I can’t help it. I think of the Deep South as backward. I’ve driven across southern Mississippi without an Easy Rider moment. I’ve munched on fried pickles. I love shrimp and grits. I try to not to wear my bias on my sleeve. I’m making progress.
In early May, I loved being a history nerd in Savannah and Charleston. Perhaps the magnificent architecture and cuisine helped. Strolling through gorgeous parks and squares, lush live oaks formed natural archways.
Careful not to mention that my children were direct descendants of General William Tecumseh Sherman, his name was mentioned plenty. Not in a good way.
On my first day hanging out amid Southern accents, sitting at a bar waiting for my Maine pals to arrive in Savannah, I ordered a mint julep.

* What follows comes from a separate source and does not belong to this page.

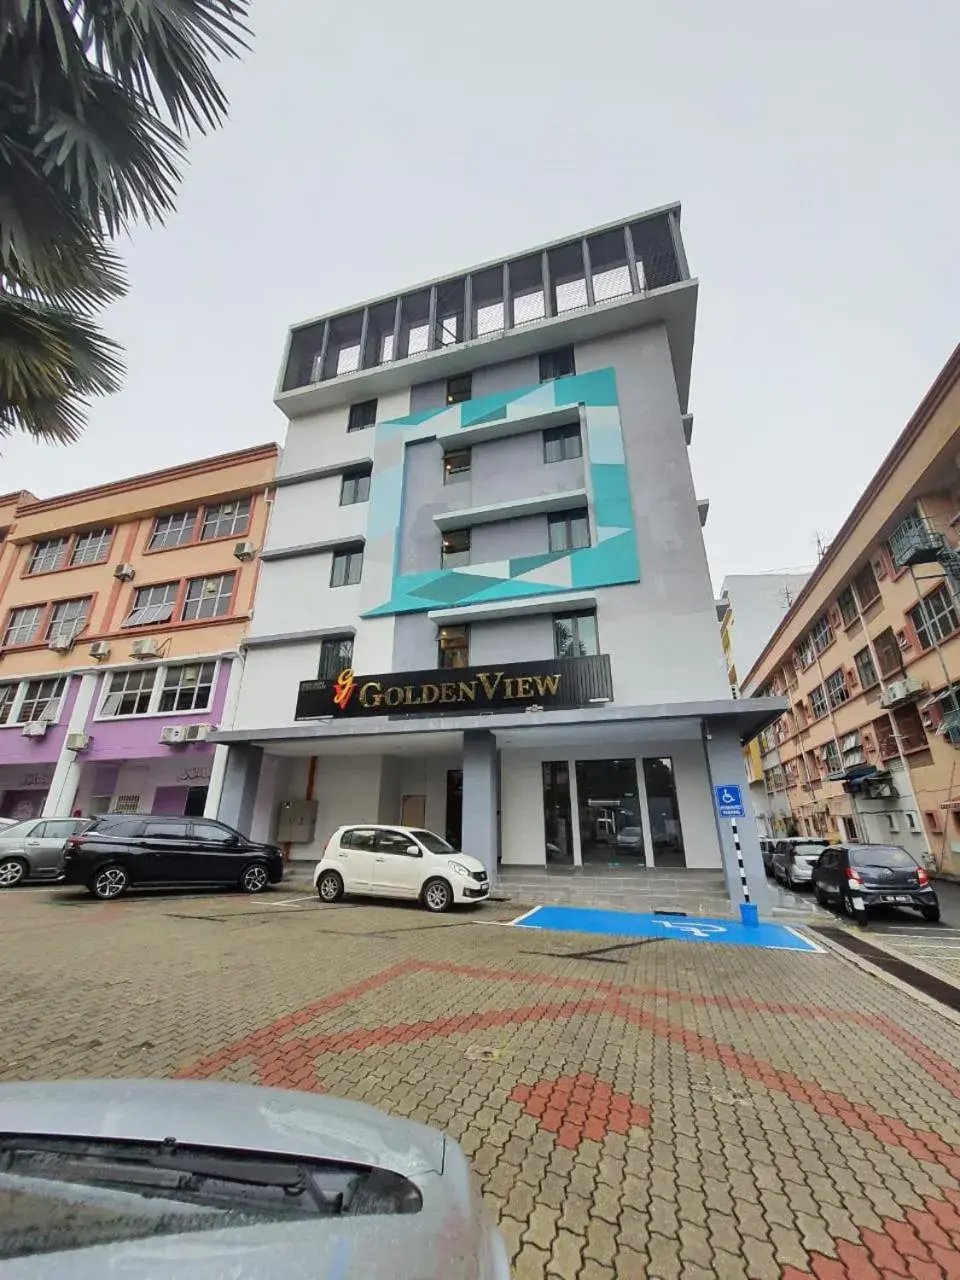 Property Building in Hotel Golden View Nilai

“Oh that’s a Southern drink but y’all should have a Savannah Peach,” the bartender suggested. So I did.
A retired teacher, whom I mostly couldn’t understand, started chatting me up. An odd-looking young man wearing a big bow tie sidled over to order a drink. Turns out he was a Conservative radio talk show host who currently lived in Anchorage, Alaska.
“Yeah, but I voted for Obama,” he admitted. In Savannah for an old friend’s wedding, he recalled visiting their small Missouri hometown prior to the 2008 election.
“Who you voting for white boy?” someone called out as they drove by. He didn’t tell us whether or not he replied.
“See, we’re not so different,” the retired teacher said as he paid his bill and left.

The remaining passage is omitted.